You are an assistant for quertion-answering takss.
here is the context to use to answer the question:
{context}
think carefully about the above context.

Now, review the user question:
{question}

provide an answer to this questions using only the above context.

use three sentences maximum and keep the answer concise

Answer: """

def format_docs(docs):
    return "\n\n".join(doc.page_content for doc in docs)
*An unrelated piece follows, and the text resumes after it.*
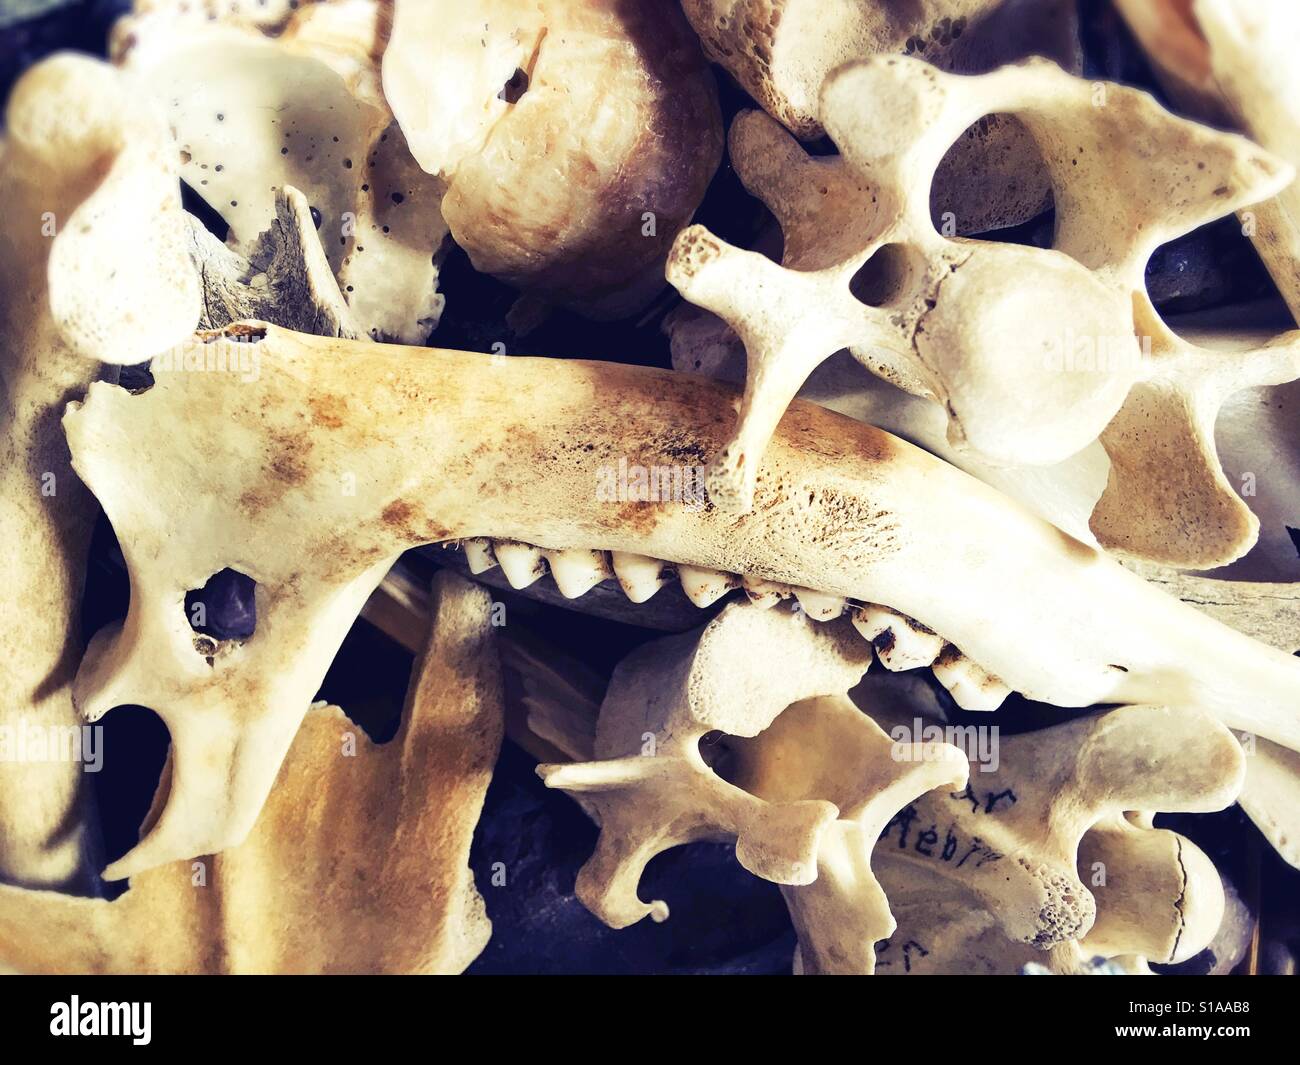 A pile of animal bones used for educational purposes Stock Photo - Alamy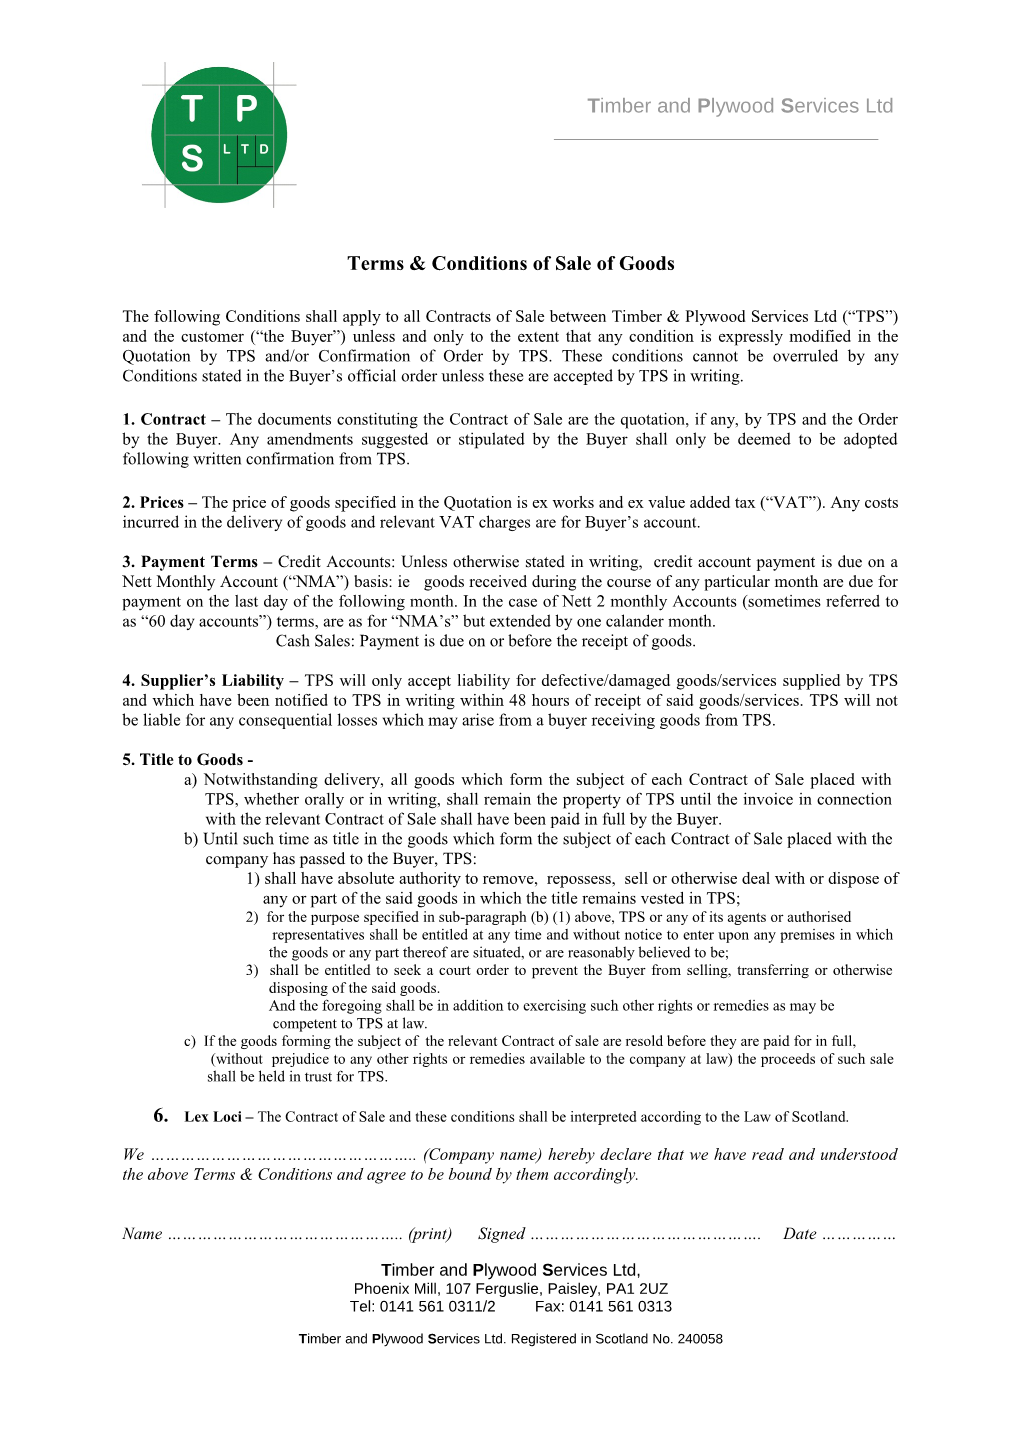 Terms & Conditions of Sale of Goods

docs = retriever.invoke(question)
docs_txt = format_docs(docs)
rag_prompt_formatted = rag_prompt.format(context = docs_txt, question = question)
generation = llm.invoke([HumanMessage(content = rag_prompt_formatted)])
print(generation.content)


Chain-of-thought prompting is a technique used in natural language processing (NLP) where a model generates a sequence of reasoning steps, or "thoughts", to arrive at a desired output. This approach involves using external search queries, such as Wikipedia APIs, to retrieve relevant information and then incorporating it into the context. Chain-of-thought prompting can be further extended by exploring multiple reasoning possibilities at each step, generating multiple thoughts per step, and evaluating each state with a classifier or majority vote.